An exact reproduction of all the data is needed, with no images in it.

Collected material:
◇ ◇ ◇ ◇ ◇ ◇ ◇

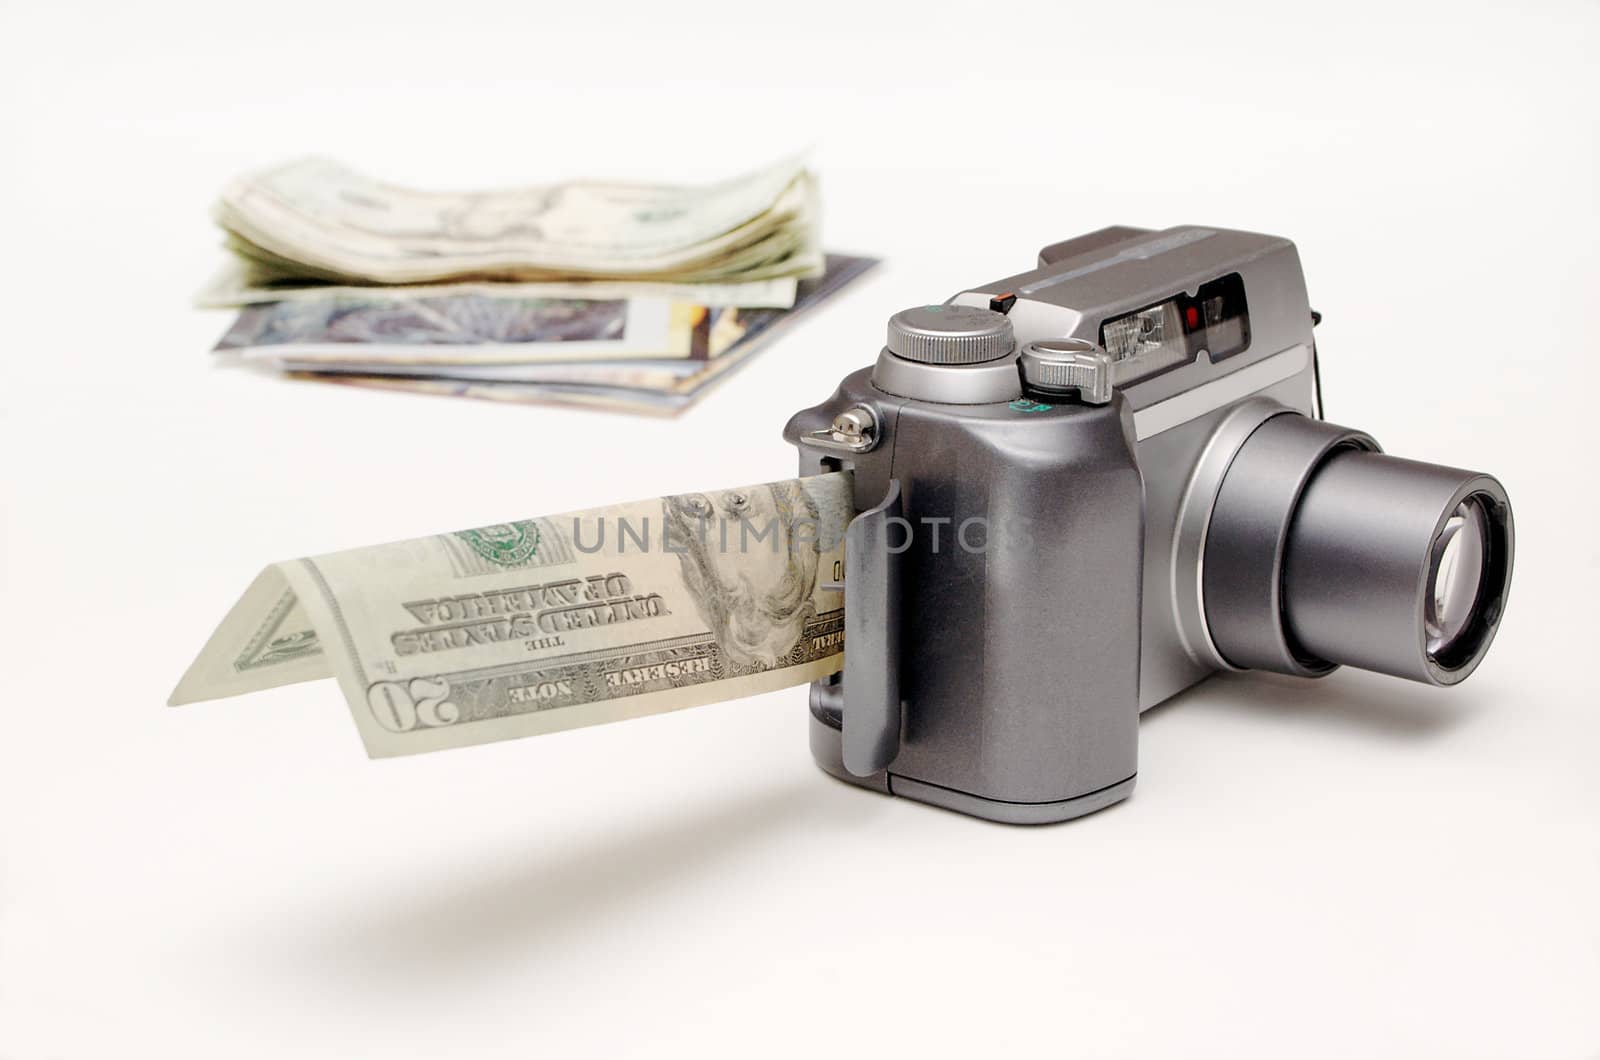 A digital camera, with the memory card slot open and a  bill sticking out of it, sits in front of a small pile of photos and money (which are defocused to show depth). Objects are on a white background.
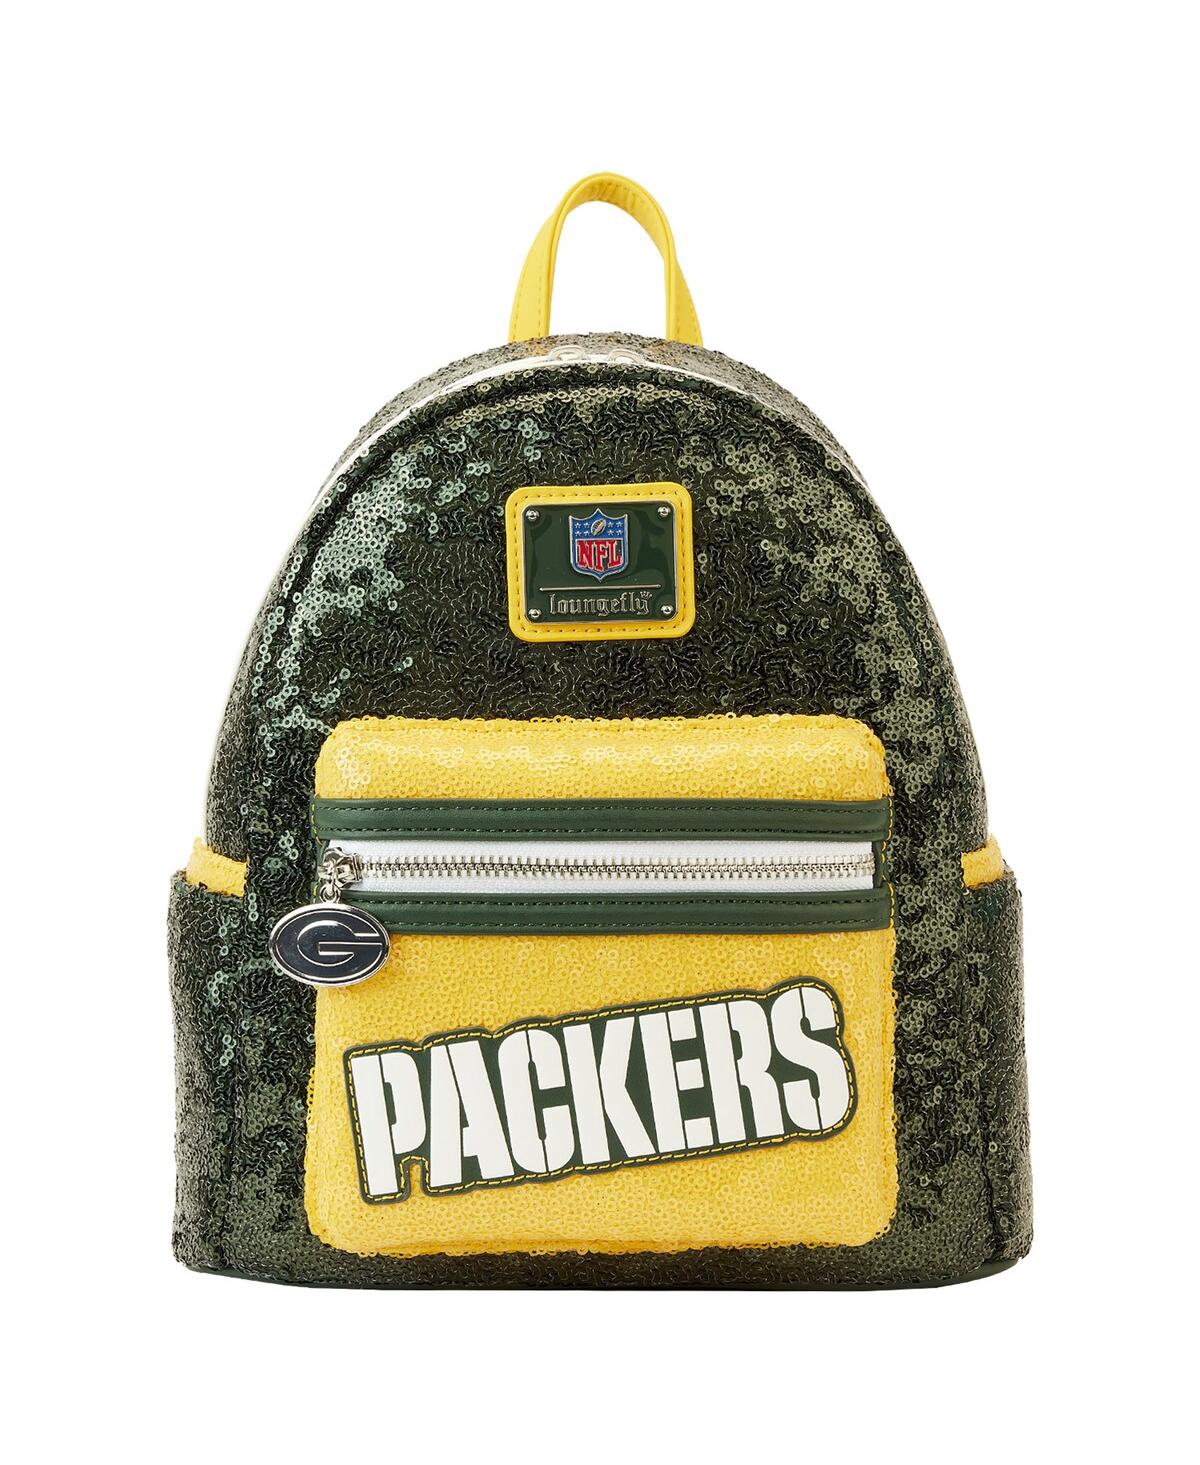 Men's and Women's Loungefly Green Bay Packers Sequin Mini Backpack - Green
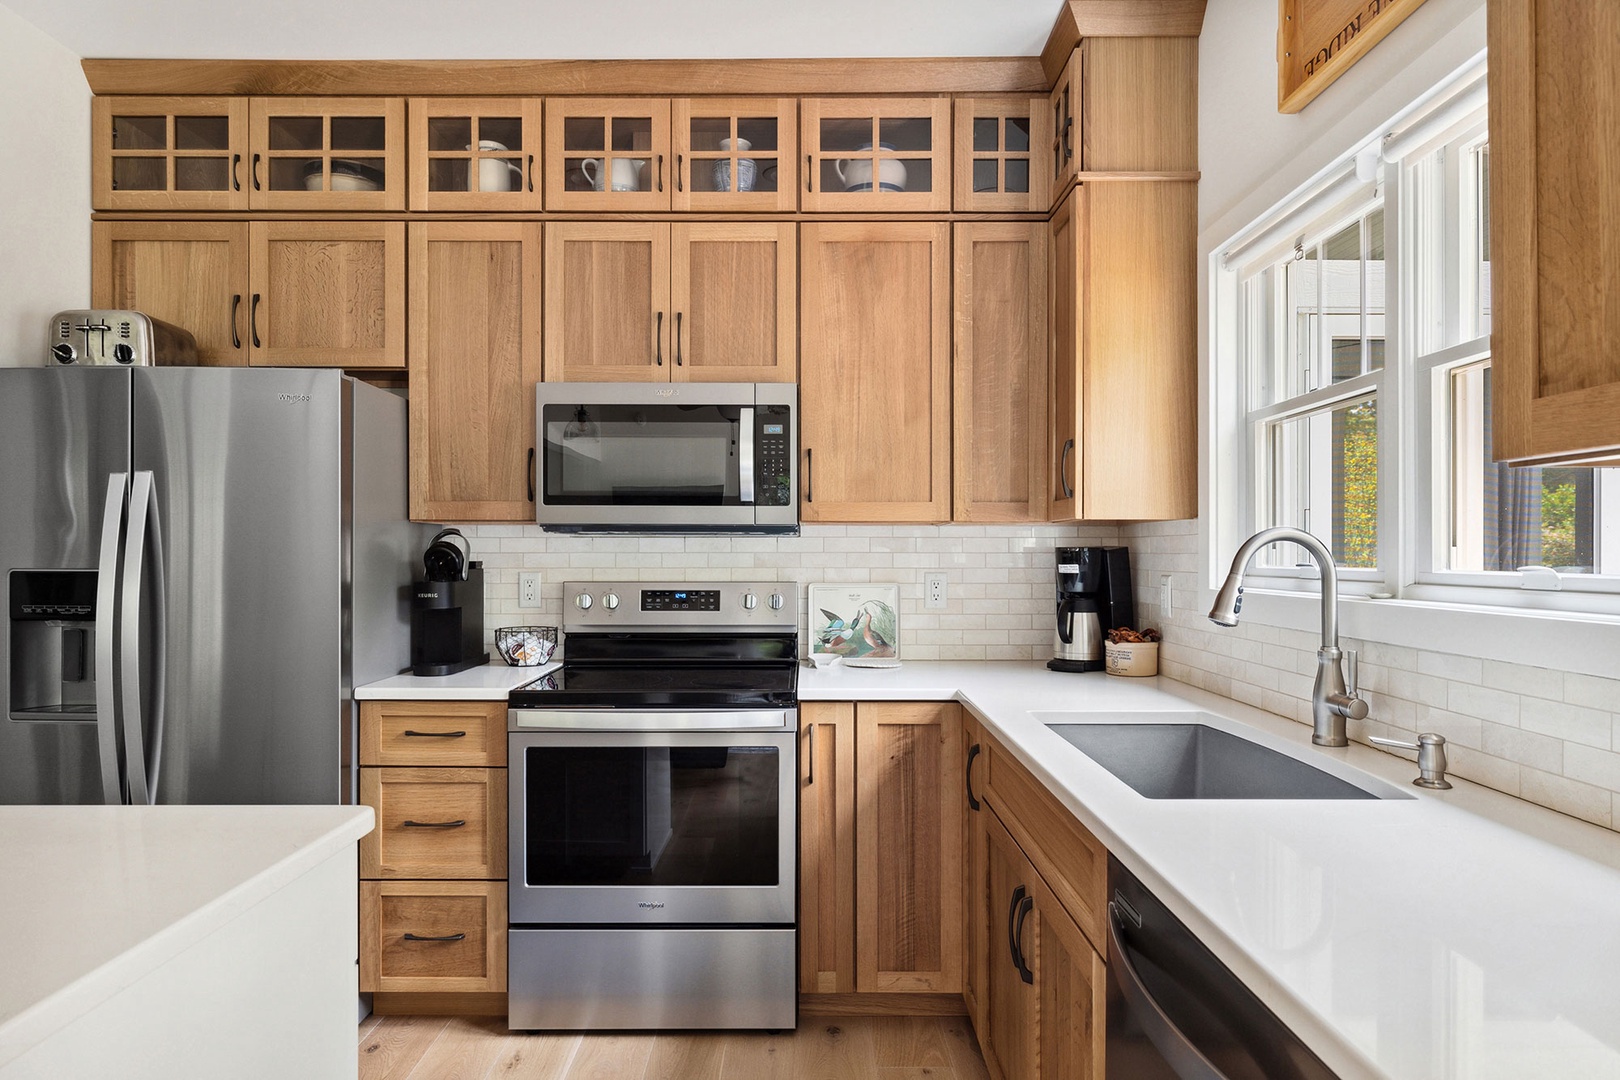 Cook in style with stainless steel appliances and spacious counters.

◇ ◇ ◇ ◇ ◇ ◇ ◇

Task solution:
 A digital camera, with the memory card slot open and a  bill sticking out of it, sits in front of a small pile of photos and money (which are defocused to show depth). Objects are on a white background.
 Men's and Women's Loungefly Green Bay Packers Sequin Mini Backpack - Green
 Cook in style with stainless steel appliances and spacious counters.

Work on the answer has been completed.